Os perigos da adoção apressada
A capacidade de adotar tecnologia nova e estimulante sempre virá antes da capacidade de compreendê-la e controlá-la, e a IA mostra isso em uma escala sem precedentes.
O crescimento exponencial e a disseminação da IA no panorama cibernético moderno resultou em que os indivíduos tivessem o maior controlo sobre a sua própria expressão criativa em qualquer momento da história, e com isso surge uma oportunidade indiscutível.
No entanto, por outro lado, as organizações implementaram e adotaram a IA sem realmente a compreenderem. Como resultado, o potencial para violações organizacionais disparou e a quantidade de trabalho e análise que segurança As equipes devem conduzir para mitigar essas violações tornou-se esmagadora a tal ponto que a resposta ao perigo não consegue acompanhar a taxa de crescimento da IA.
Temos que analisar como gerimos o risco de terceiros, bem como indenizações e contratos. A razão para isso é que muitas vezes, embora uma organização possa possuir o agente de IA, ele é desenvolvido usando software de outra empresa.
Aí reside a questão de até que ponto as organizações estão dispostas a ajudar quando surge um problema, com base no quanto de participação no agente ou potencial precipitação eles teriam.
Agentes de IA: a chave para desbloquear a liberdade criativa
Além disso, precisamos de uma forma de criar maior visibilidade nas ações dos agentes de IA. No passado, isso veio de medidas como logs de rede, logs de endpoint e prevenção contra perda de dados estratégias. Precisamos de compreender as entradas e saídas do sistema, quais as identidades envolvidas e qual era o contexto da situação quando os problemas começaram a surgir.
Do lado da resposta, precisamos determinar como podemos identificar rapidamente se há um problema. No entanto, as ações de resposta precisam de ser atualizadas para resolver os problemas que os agentes modernos de IA colocam. Deve ser estabelecido um grupo governamental de IA que seja responsável por reter os agentes de IA para completar as suas tarefas programadas sem criar riscos.

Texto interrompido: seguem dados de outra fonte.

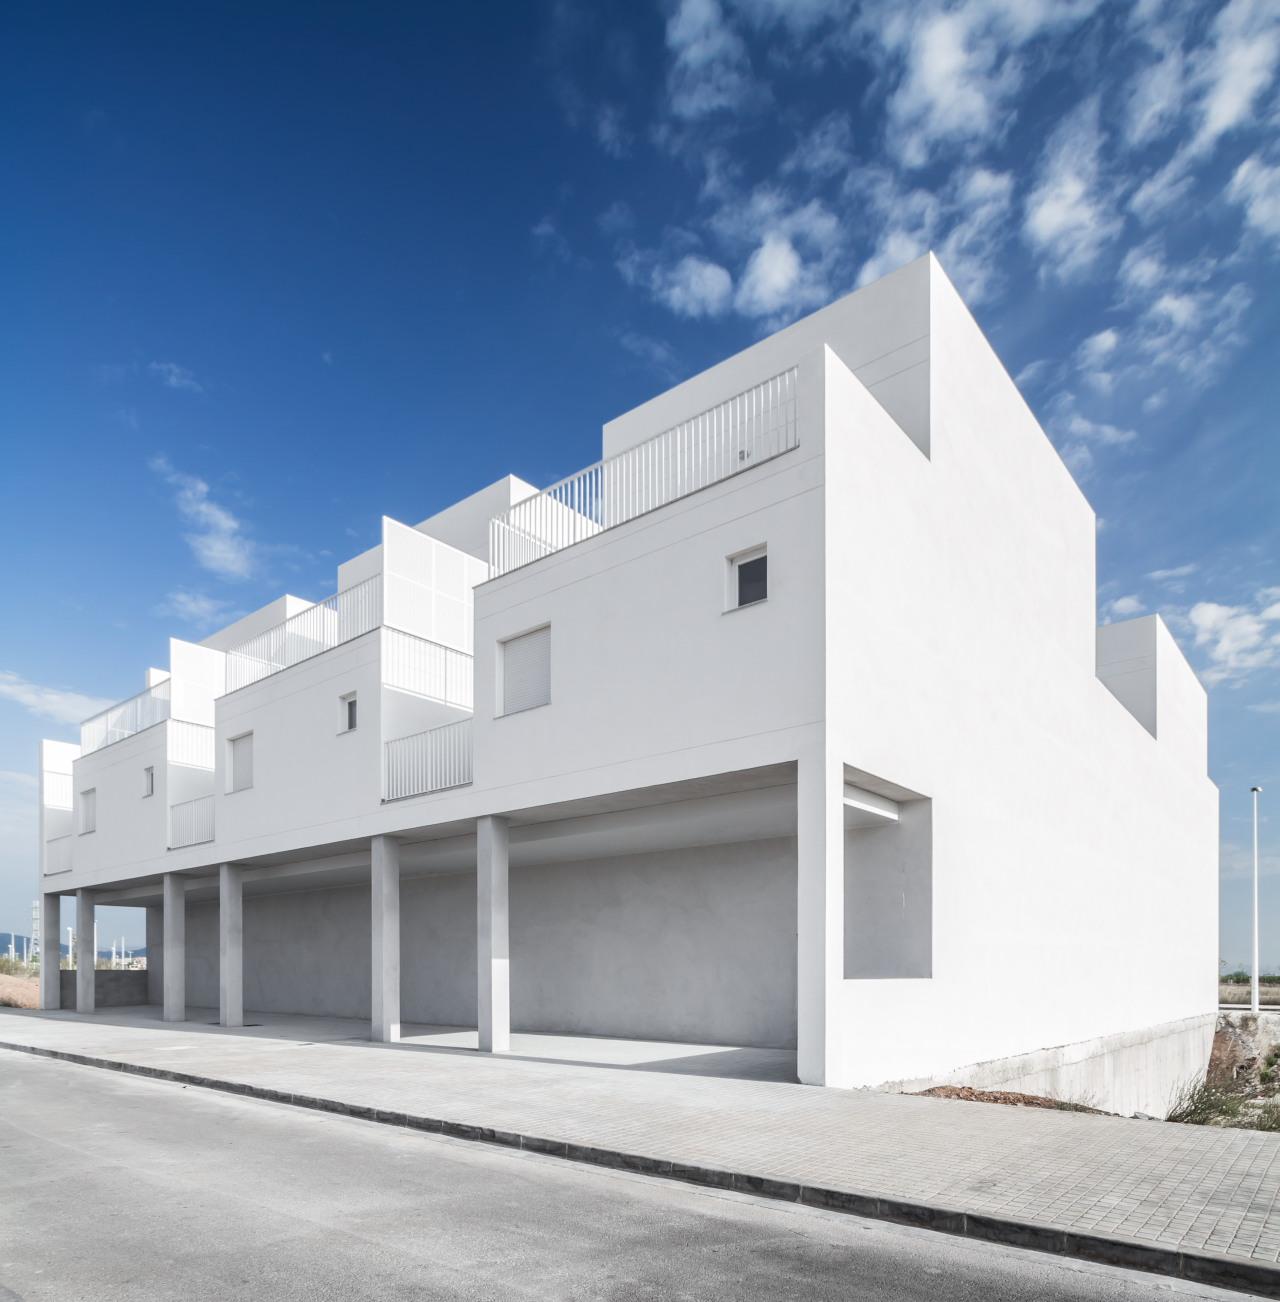 fotografia-arquitectura-valencia-german-cabo-viraje-sagunto (2)

Isto permitiria que os indivíduos utilizassem a liberdade criativa e a conveniência que advêm da IA, ao mesmo tempo que protegeria as organizações do risco de ataques e permitiria que as equipas de segurança confiassem nos agentes para realizar as suas tarefas sem a necessidade de os supervisionar constantemente. Agentes de IA reforçados e confiáveis proporcionam um sistema de defesa de segurança mais eficiente.
É necessária uma ação de resposta adicional onde treinemos novamente, desabilitemos ou forcemos a reaprendizagem dos agentes de IA, o que não existe hoje. Deveria haver uma contraparte dentro do SOC para resposta imediata, e haverá empresários responsáveis pela construção desta estrutura. No momento, estamos no nível um do CMMI para esse processo, talvez até zero.

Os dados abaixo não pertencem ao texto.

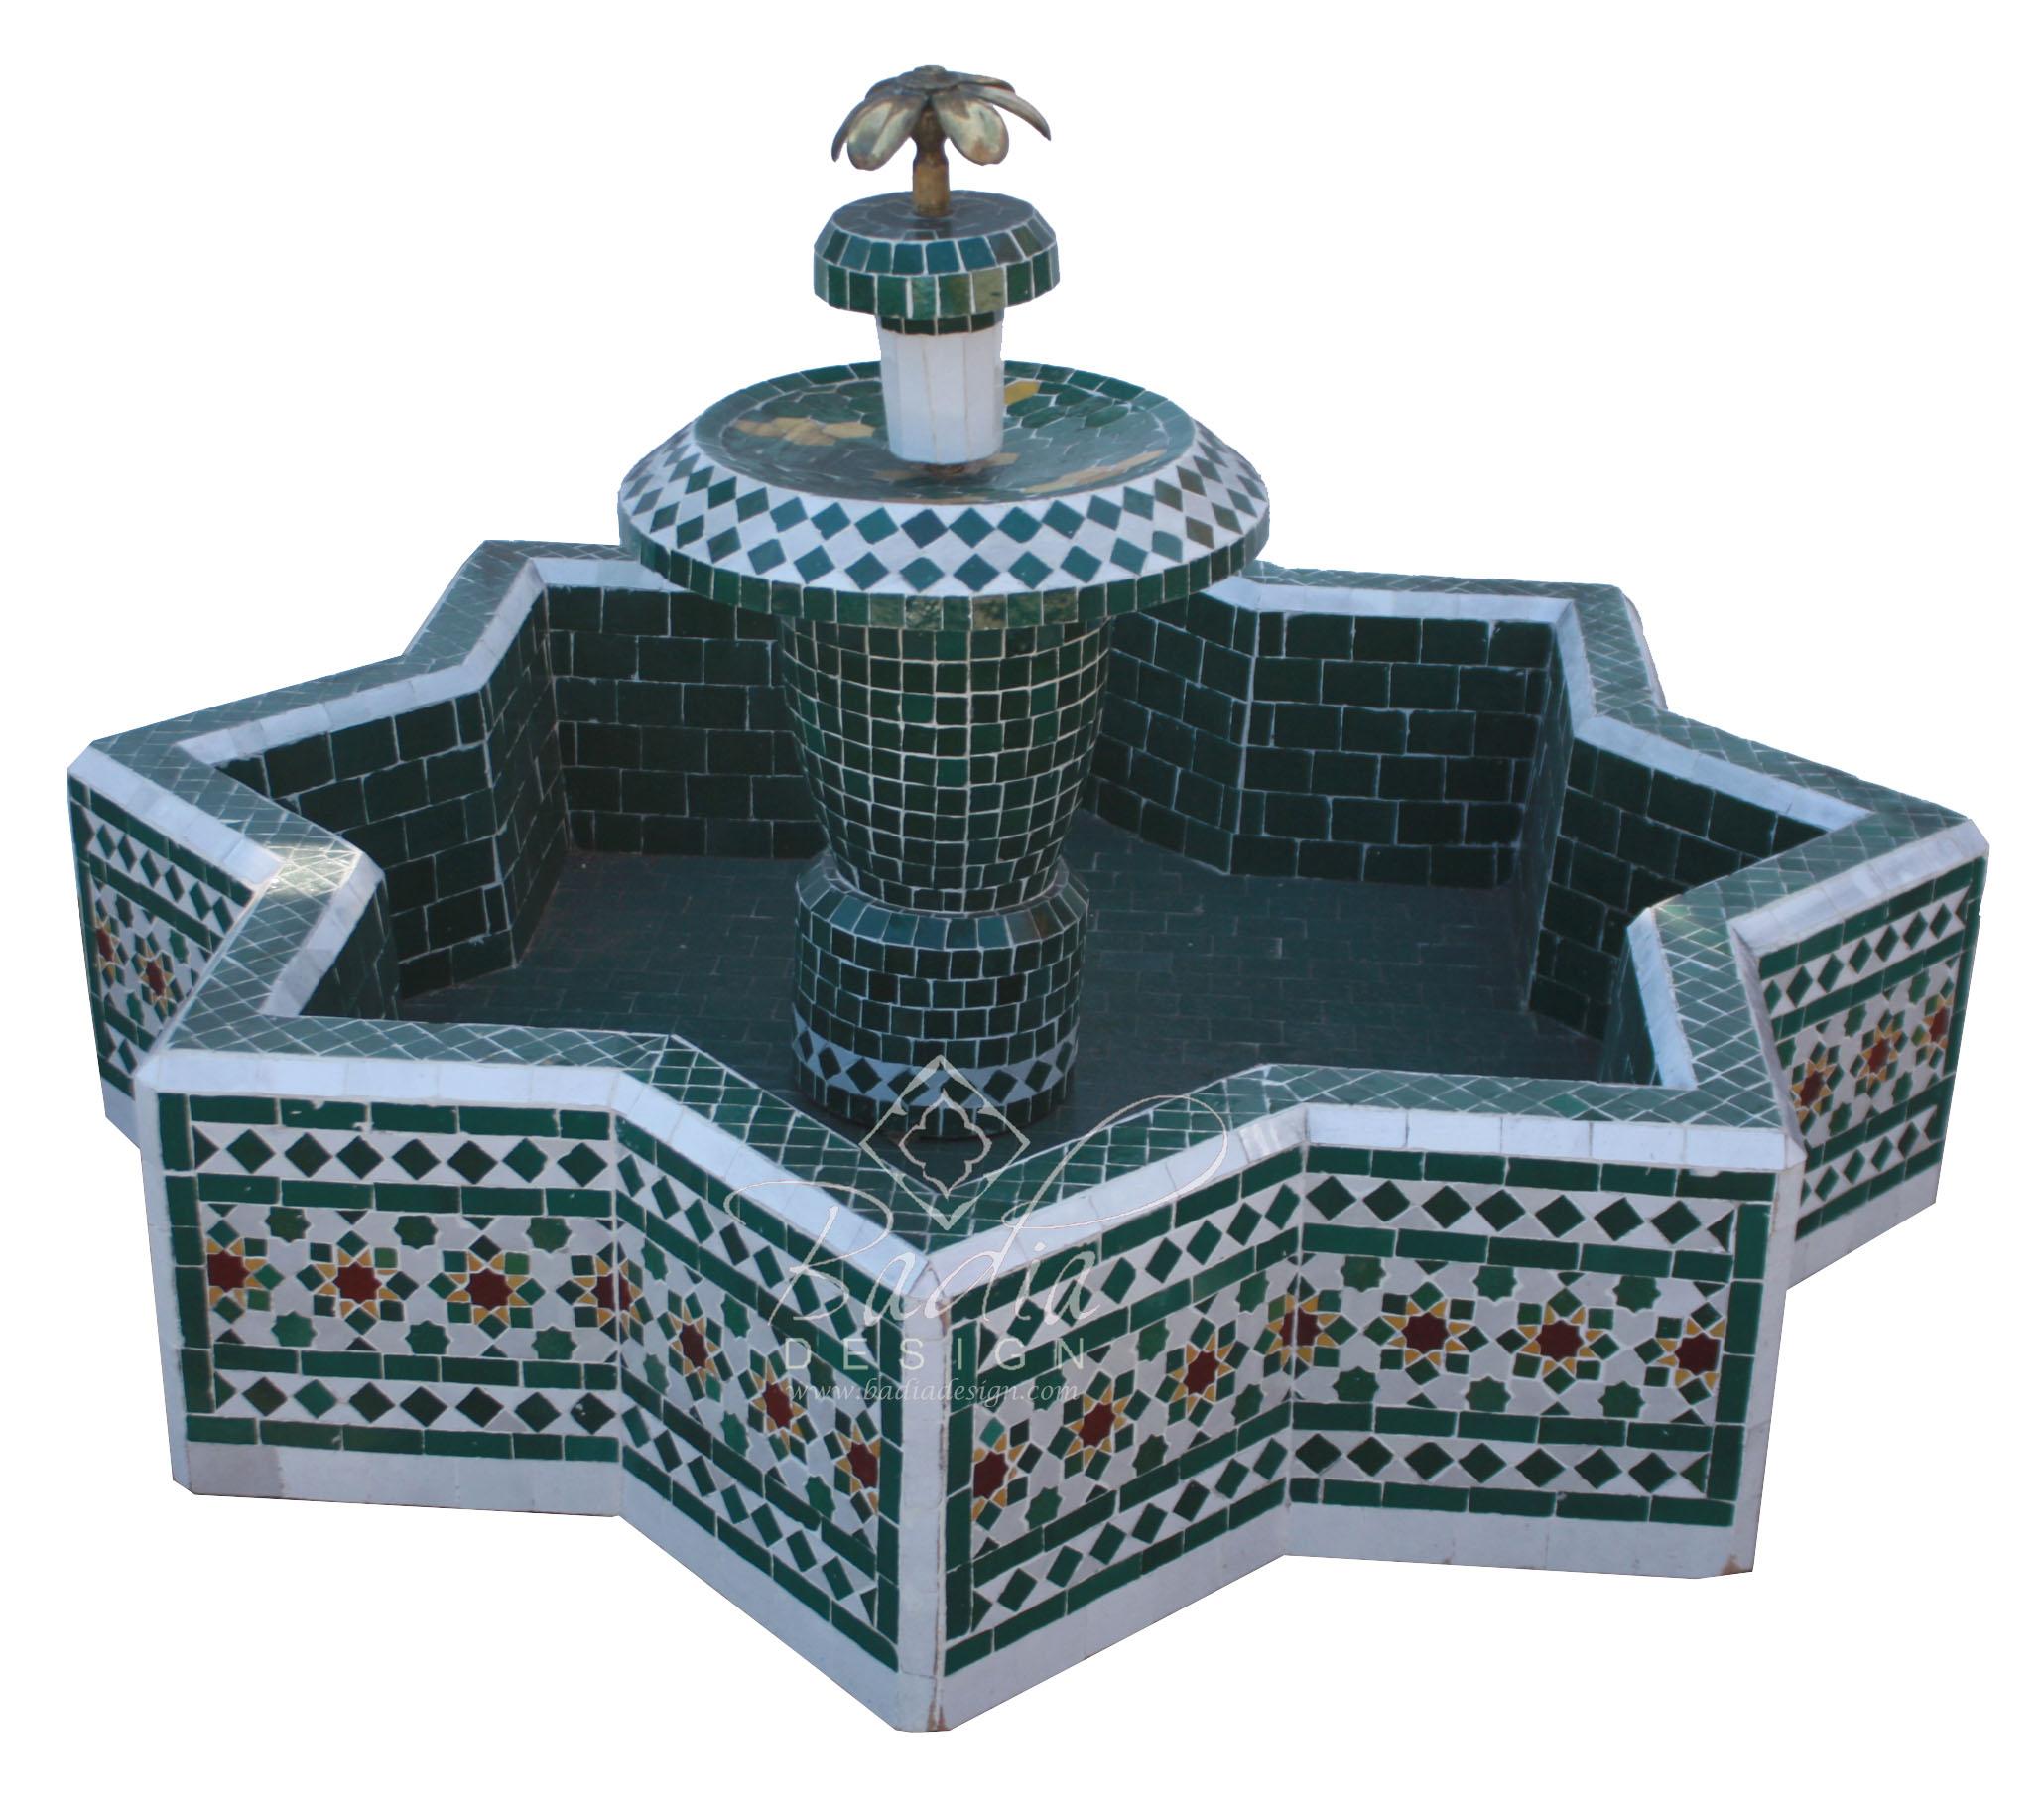 moroccan-star-shaped-green-floor-water-fountain-mf682-1.jpg

Os analistas de ameaças internas dependerão fortemente desses ajustes. Se pudermos construir uma estrutura e desenvolver um processo para lidar com a sobrecarga de informações que a IA sombra criou, os analistas de ameaças internas estarão mais preparados para lidar com as ameaças antes que elas se tornem devastadoras para as organizações.

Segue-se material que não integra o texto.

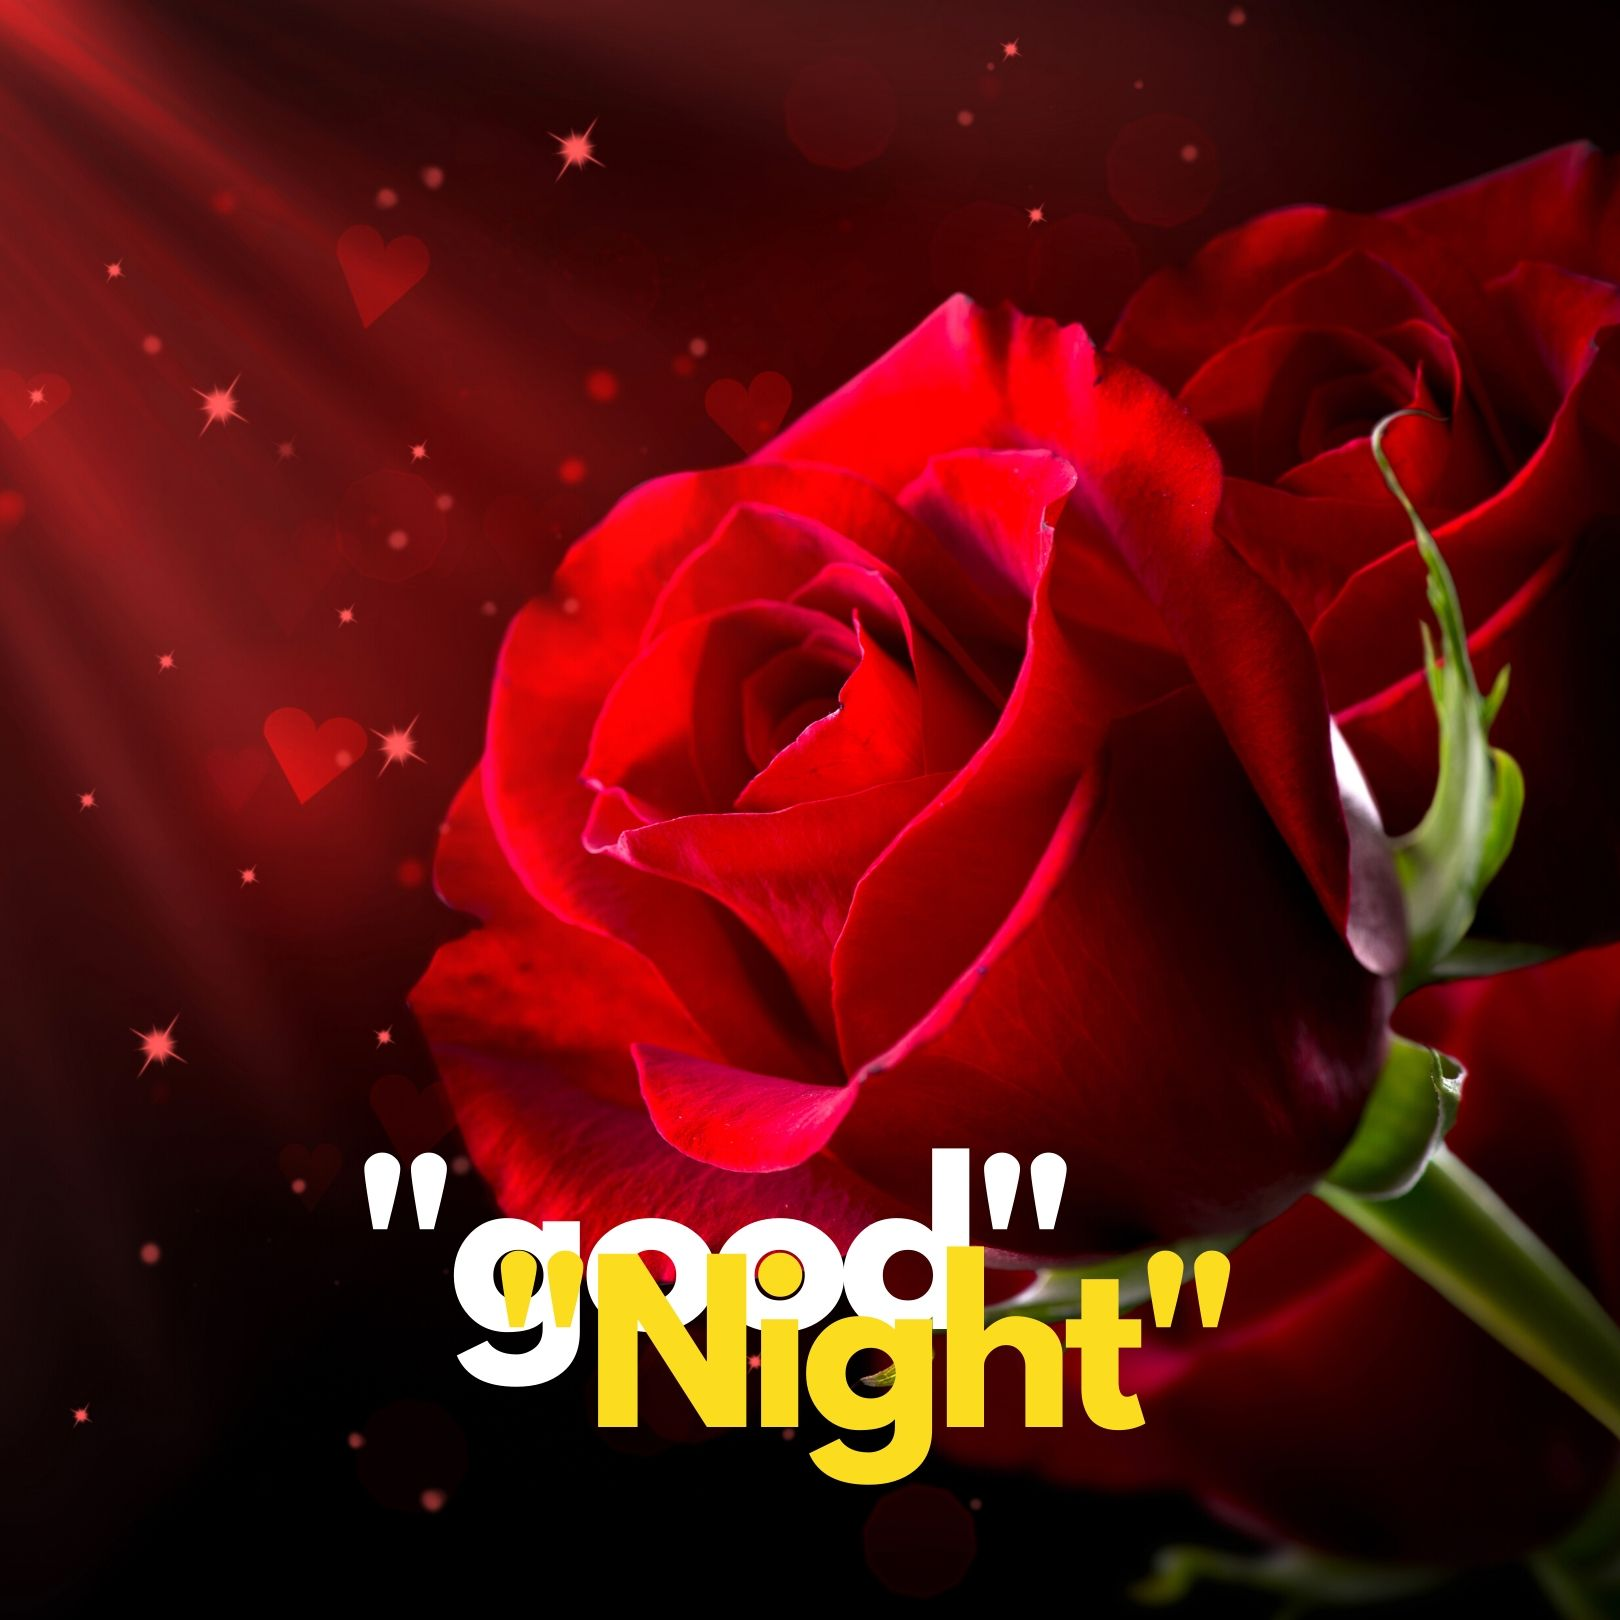 Good Night rose pic hd

Ter uma política de utilização de IA clara e facilmente aplicável, com ferramentas conhecidas e aprovadas, e um processo para rever, testar e implementar novos agentes ou ferramentas de IA com revisões de engenharia e segurança é a única forma de alcançar um nível adequado de mitigação de riscos. É vital que este processo seja simples e transparente. Caso contrário, os funcionários sempre procurarão formas de contorná-lo.
O caminho a seguir para o uso da IA requer compreensão. As organizações não podem controlar o que não compreendem e muitas priorizaram a implantação rápida em detrimento da visibilidade e da governança. Se conseguirmos encontrar um equilíbrio entre inovação e segurança, as organizações poderão maximizar a sua segurança contra ameaças externas, ao mesmo tempo que permitem aos seus funcionários a liberdade de inovar e mudar o mundo.
Listamos os melhores softwares antivírus: análises, testes e classificações de especialistas.